### TASK BRIEF
In the entries below, find the line with "Burberry - Burberry" and print exactly every line from there up to and including the line with "Free Printable Bingo", with no other lines.

### INFORMATION GIVEN
=== Section Start ===

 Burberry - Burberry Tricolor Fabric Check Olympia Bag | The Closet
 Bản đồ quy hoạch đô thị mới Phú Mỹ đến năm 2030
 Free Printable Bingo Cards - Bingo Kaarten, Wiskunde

=== Section End ===
=== Section Start ===

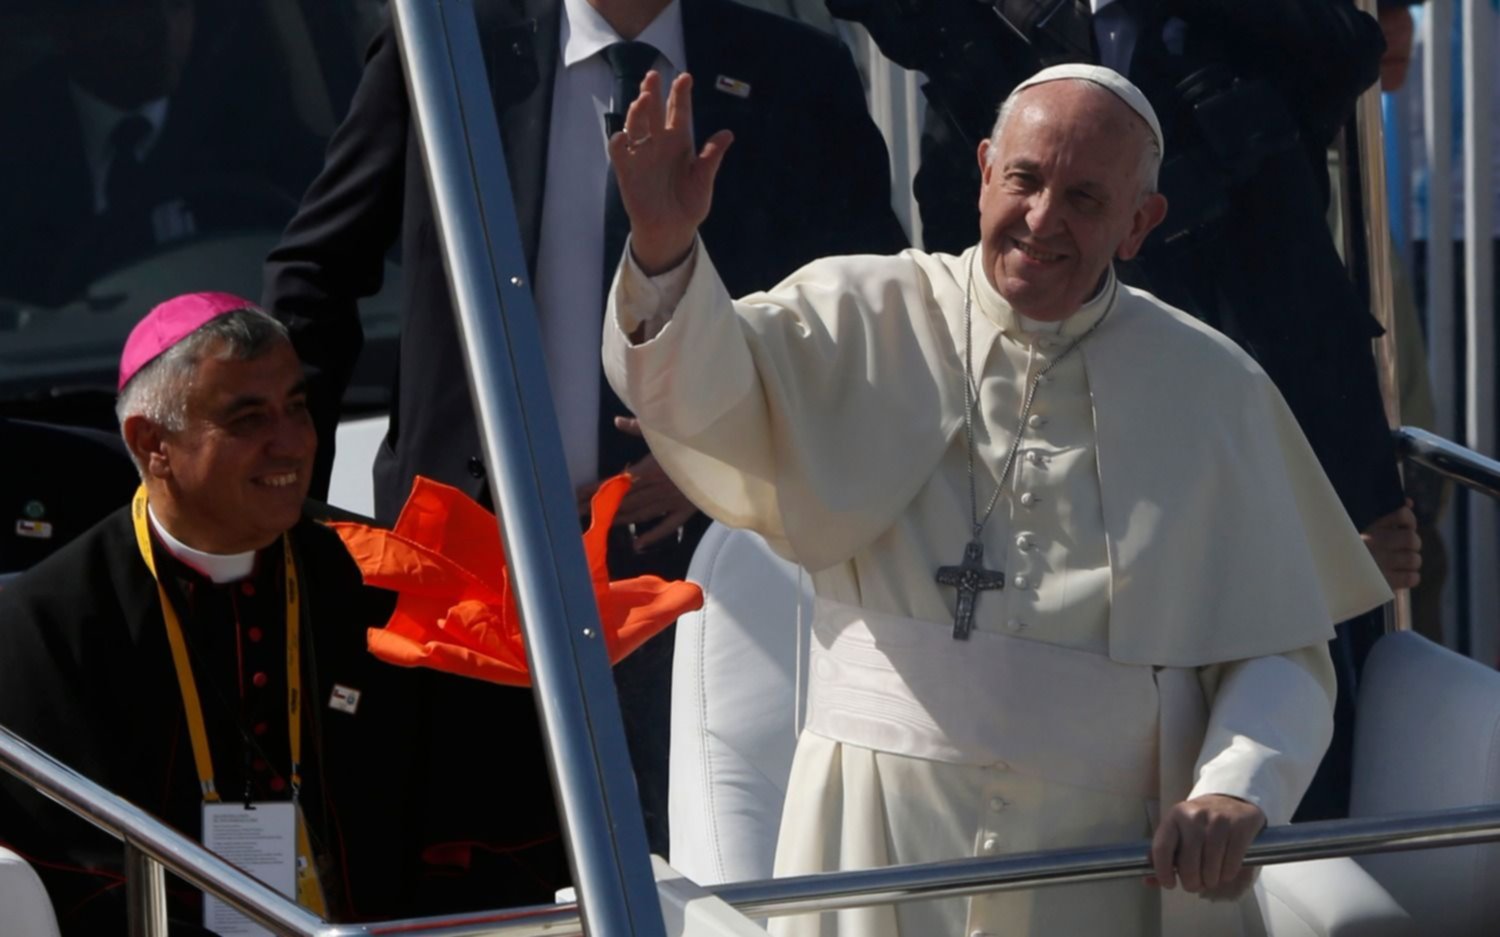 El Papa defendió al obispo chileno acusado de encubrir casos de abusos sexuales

=== Section End ===
=== Section Start ===

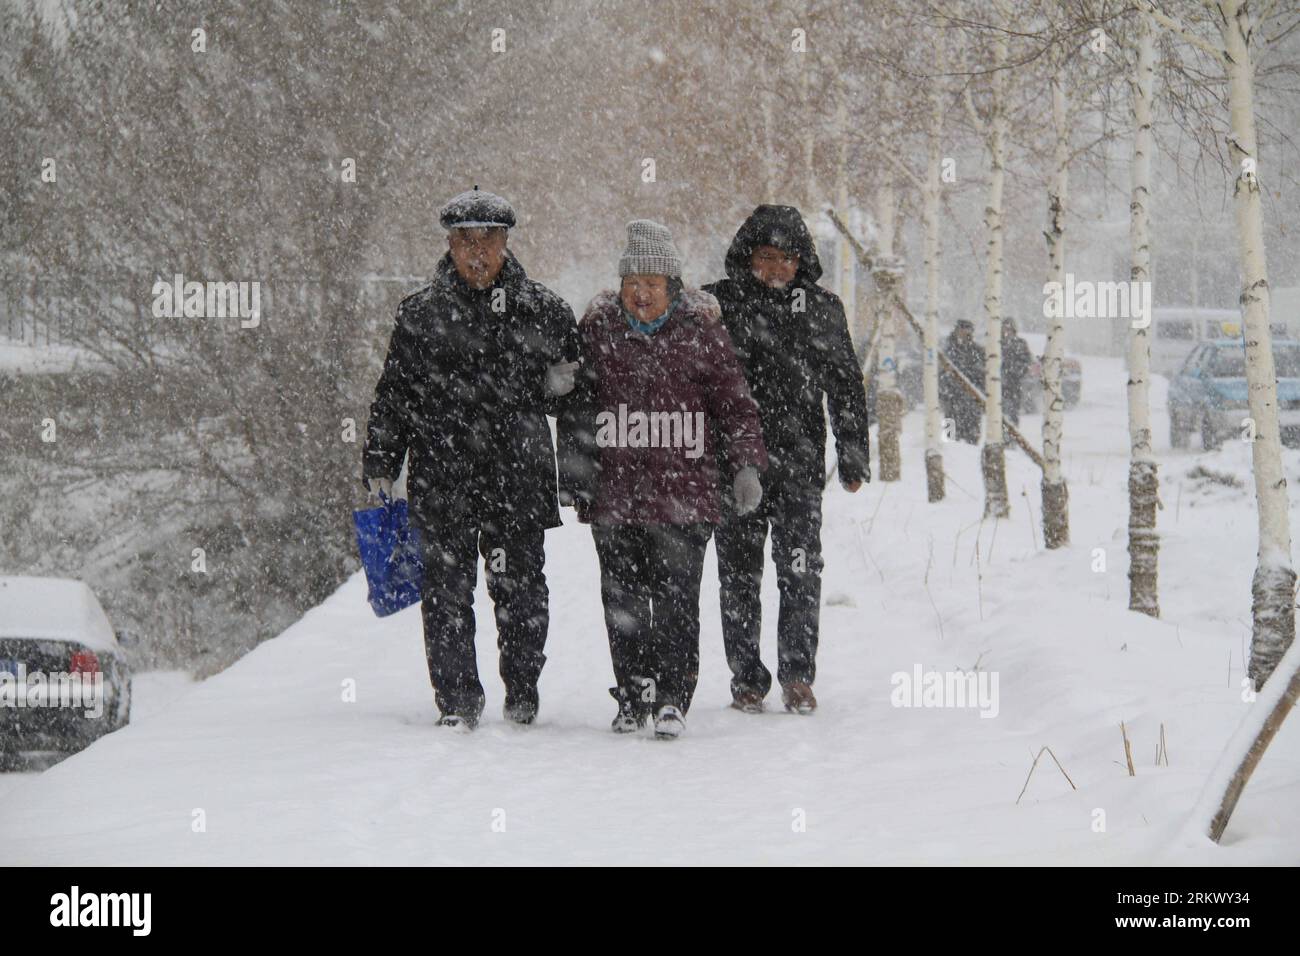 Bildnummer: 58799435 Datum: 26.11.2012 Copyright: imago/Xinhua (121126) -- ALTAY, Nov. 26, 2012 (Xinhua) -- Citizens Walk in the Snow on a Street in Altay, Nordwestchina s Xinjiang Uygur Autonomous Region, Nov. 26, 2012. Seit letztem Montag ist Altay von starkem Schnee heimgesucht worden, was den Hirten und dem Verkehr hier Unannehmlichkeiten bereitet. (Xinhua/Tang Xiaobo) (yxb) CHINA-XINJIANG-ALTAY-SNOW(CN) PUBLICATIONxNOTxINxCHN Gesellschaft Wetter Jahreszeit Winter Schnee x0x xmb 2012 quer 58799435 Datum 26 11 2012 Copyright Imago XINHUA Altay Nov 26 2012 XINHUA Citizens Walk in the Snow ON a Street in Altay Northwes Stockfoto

=== Section End ===

### ANSWER BELOW
 Burberry - Burberry Tricolor Fabric Check Olympia Bag | The Closet
 Bản đồ quy hoạch đô thị mới Phú Mỹ đến năm 2030
 Free Printable Bingo Cards - Bingo Kaarten, Wiskunde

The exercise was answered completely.